A new scramble for Africa?

Author: Moses Khisa. PHOTO/FILE

What you need to know:

  •  It is squarely on Africans and especially Africans governments and rulers to fight the African cause, to chart an agenda for the continent...

Talk of renewed scrambling and jostling for a piece of the African continent has been around for a while in the media, academia and policy debates. What exactly is new in the scramble? What is the scramble for? Who are the new actors?  

In the final analysis, it comes down to the last question – the actors. China is the obvious new major actor that has sent tongues wagging, especially in the West.  China’s rise and sprawling influence, powered by its sheer and imposing economic presence, has unsettled traditional Western powers and fuelled a great deal of anxiety precisely because of China’s perceived disruption to the extant balance of power. 

In Europe and the United States, China is a handy bogeyman for politicians particularly those seeking to rally their bases and stir nationalist sentiments. On their part, the Chinese remain patently unbothered, indeed singularly focused on pressing on to the summit of global economic and military power.  With the ground shifting and the balance of power tilting, some strands of the West’s publics have conjured up a populist narrative of victimhood. 

This is incredible considering the centuries of Western domination of the world, often procured violently, and the vicious exploitation done with little regard for human dignity.  Today, it is not unusual to hear Western policymakers and politicians speak out forcefully against China’s alleged extractive and exploitative activities across African. 

To be sure, undoubtedly, the Chinese are doing what the Europeans did for centuries – pursue their interests and secure their strategic goals. There is no other way around the bold assumption that external powers roaming the continent, and struggling to establish a firm stranglehold, are doing so for their own immediate and long-term interests.  When the Chinese built the headquarters of the African Union, it was not for charity. When the US Secretary of State, Mr Antony Blinken, is seen watching the African Cup of Nations football game in Abidjan, Ivory Coast, he is not doing this for some selfless love of Africa.  

It is okay for the West to purport to carry the ‘Whiteman’s burden’ of working to save Africans from the rapacious and supposedly immoral actions of China in its pursuit of economic and geostrategic interests in Africa. But it is squarely on Africans and especially Africans governments and rulers to fight the African cause, to chart an agenda for the continent, protect our strategic interests and advance the needs of the continent. 

Here is the bottomline: by all official measures, statistics and standards, we are the poorest continent of the world. The socioeconomic conditions of most of our people remain utterly appalling. For this, we are despised and disrespected, our due dignity denied because of our poverty. 
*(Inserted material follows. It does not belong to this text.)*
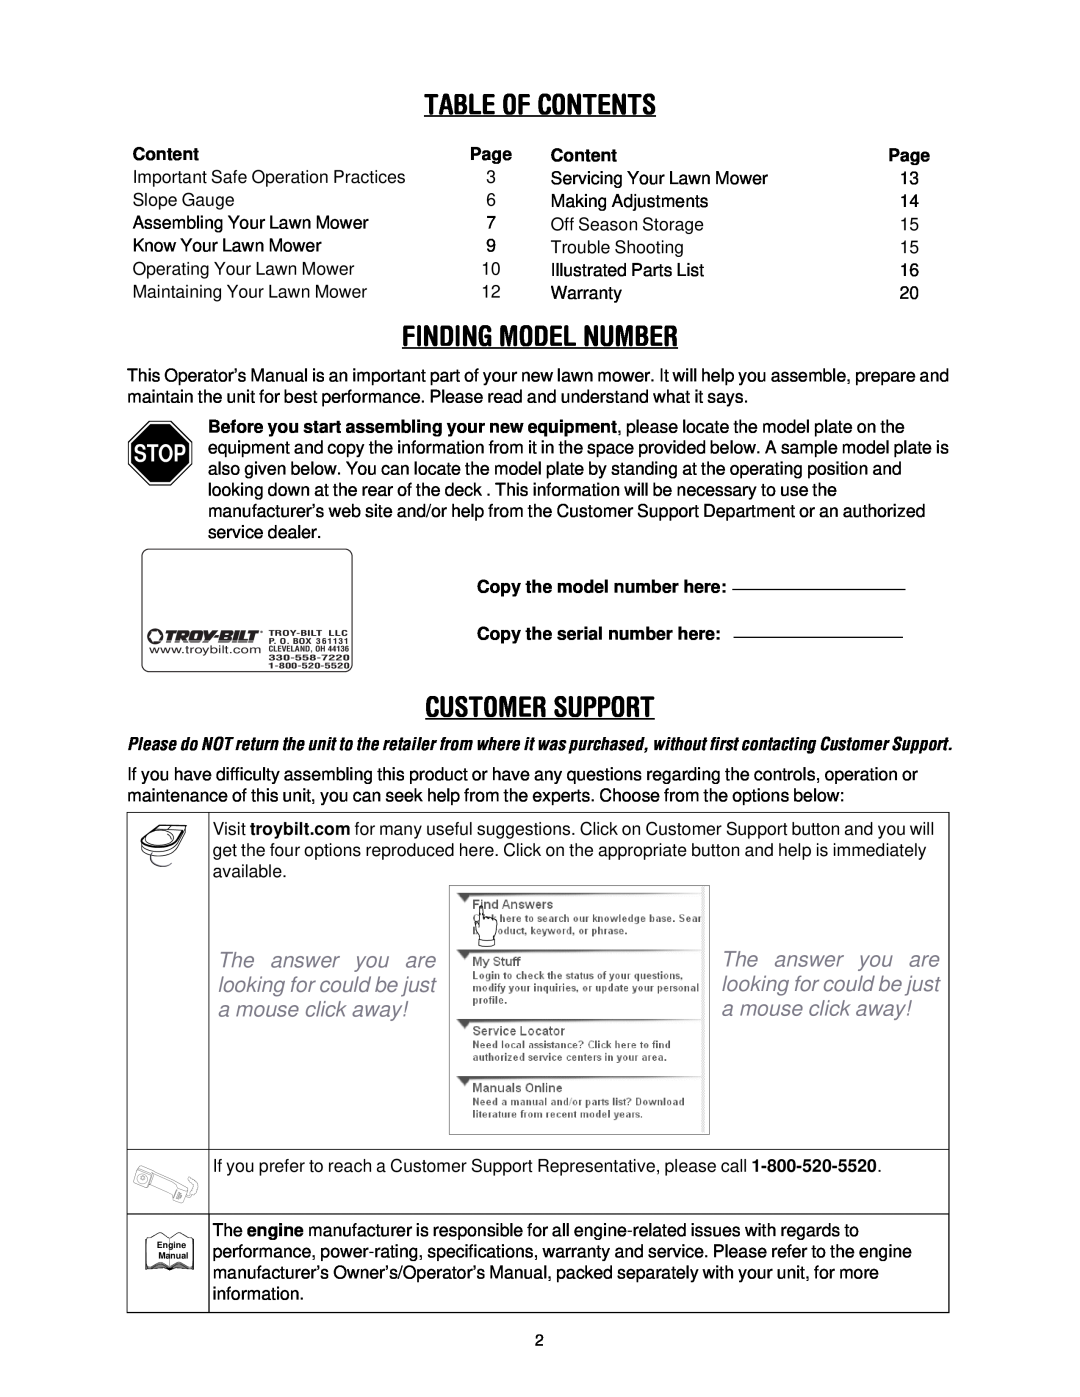 Troy-Bilt 436 manual Table Of Contents, Finding Model Number, Customer Support, Page, Copy the model number here 
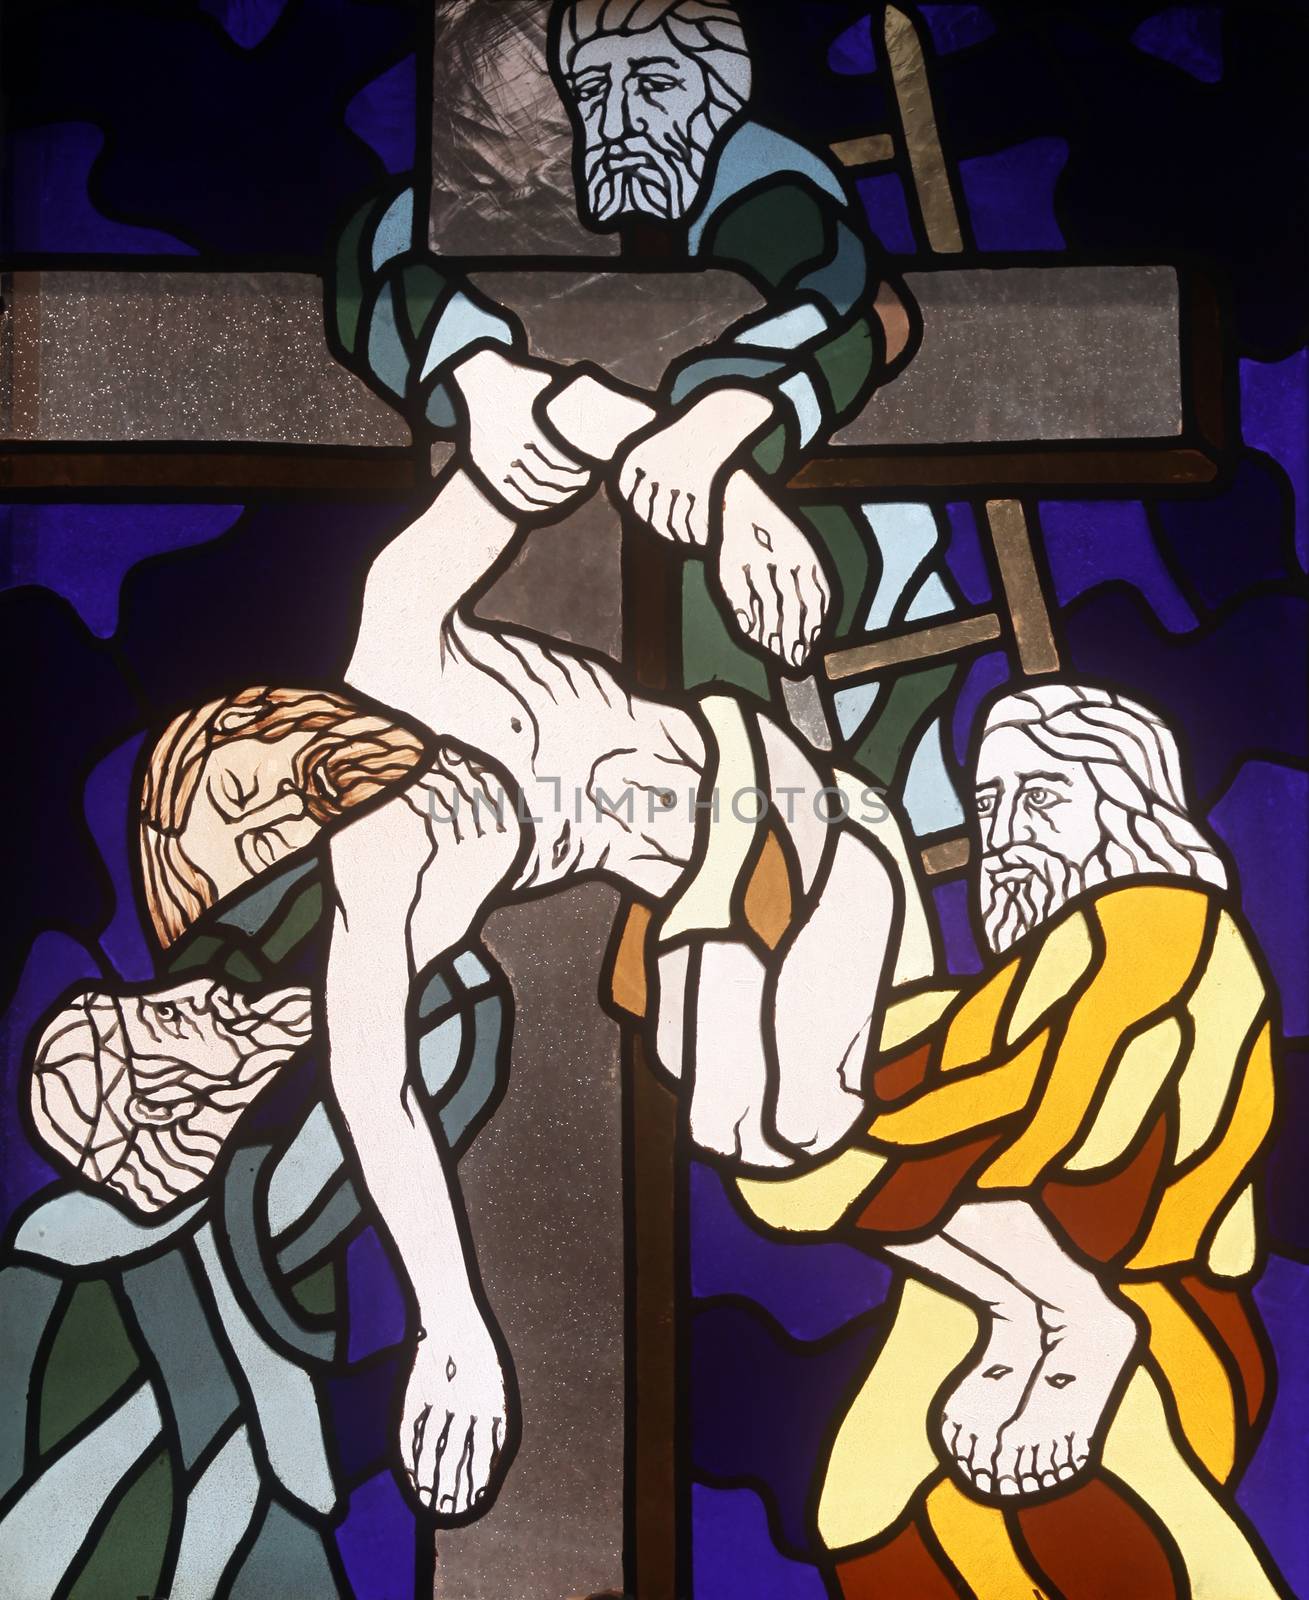 13th Stations of the Cross, Jesus' body is removed from the cross, stained-glass window in the church of St. John the Baptist in Rijeka, Croatia

While in the 17th and 18th centuries, at the peak of the Atlantic Slave Trade, we received the stamp of enslavement as a race, today we Africans carry the badge of impoverishment. We are objectified. Academics make careers studying us. Journalists, human rights crusaders, aid-workers and expatriate-‘experts’ become famous because of our fate. 

The state of poverty drives desperation and disheartening attempts to find a better life elsewhere. Thus, the countless Africans dying or narrowly surviving crossing the Mediterranean and the many young Ugandan women you find in the airport or on flights out of Entebbe heading for 21st century enslavement in the Middle East.

At the recently concluded gathering of the Non-Aligned Movement (NAM) in Kampala, about which I said a few things here last week, President Museveni delivered an incisive and blistering speech. 

Except for some falsehoods and distortions, anyone reading Mr Museveni’s speech objectively would find it compelling and persuasive in laying out a scheme of where the world has come from and the itineraries travelled. A key highlight, not surprising, was his scathing indictment of the West. 

That is all fine, except that talk is cheap while action is not. Mr Museveni has to explain why in under three decades, the great Lee Kuan Yew engineered Singapore’s march from a poor to rich country, or how Dong Xiaoping pulled-off fundamental reforms that placed China on the path to global power and prestige? By contrast, Mr Museveni continues to rule over an impoverished people close to 40 years after he captured power. 

The new powers scrambling for a place in Africa, and to secure a pie of the continent’s wealth, doing so as the traditionally dominant Western powers appear to be losing ground, are here to accumulate and grow their national power.  It is not just the Chinese. We have the Turks, Russians, Indians, Saudis and others. Their primary presence in Africa is not to help Africans. No, the task of helping (read developing) Africa and bettering the lot of African people lies squarely with Africans!

Shockingly, for someone with the intellectual sophistication and grasp of geopolitics as Mr Museveni, he continues to hold onto the illusion that foreigners will develop Uganda. He keeps the folly of kissing up to foreign investors. It is one of the epic wonders and mysteries of our times.